Unlike earlier, this estimation now shows that there are no negative predicted estimates of the variable of interest `binary_wealth`

.

We now show graphically the results of this estimation to also graphically show that the model fit is sufficient and the assumptions are satisfied. This function gives 4 output plots to help show that the normality assumption has not been violated. The four plots are as follows:

Normal Q-Q plot of standardized residuals.

Normal Q-Q plot of random effects

Kernel densities of distribution of standardized residuals. We want these next two to be close to the standard normal distribution.

Kernel densities of distribution of random effects.

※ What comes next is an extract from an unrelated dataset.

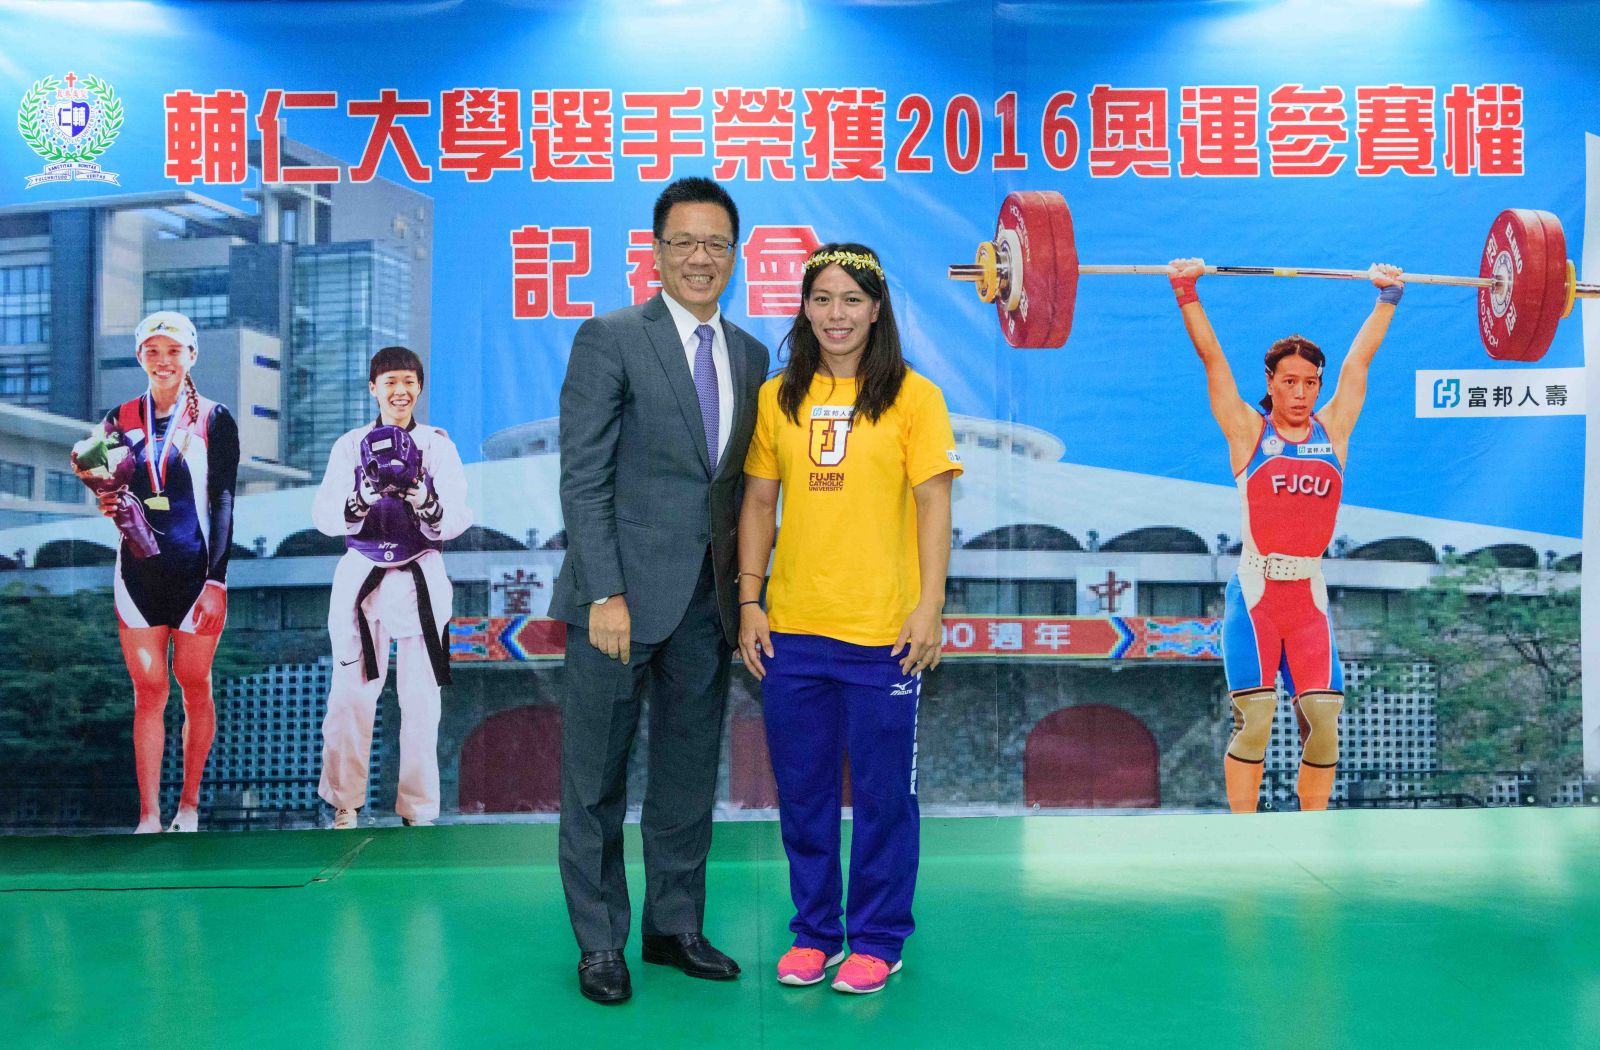 富邦人壽陳俊伴總經理親自為郭婞淳(右)戴上象徵進軍奧運的桂冠。圖/輔仁大學提供

We want the plots 1 and 2 to be as close to a 45 degree line as possible to show normality of the errors for both fixed and random effects. Plots 3 and 4 will hopefully resemble bell curves. If both plots resemble the normal distribution then it provides further evidence that assumptions of normality for both residuals and the random effects are met.

`plot(fh_arcsin_final)`

`Press [enter] to continue`

`Press [enter] to continue`

### 8.1.7 Step 7: Comparison between direct estimates and model estimates

Ideally, model-based point estimates and variances should be consistent with the direct estimates from the survey and their respective variances which we calculated in step 2. We should also expect that the use of model-based methods will produce estimates with improved precision compared to direct estimates.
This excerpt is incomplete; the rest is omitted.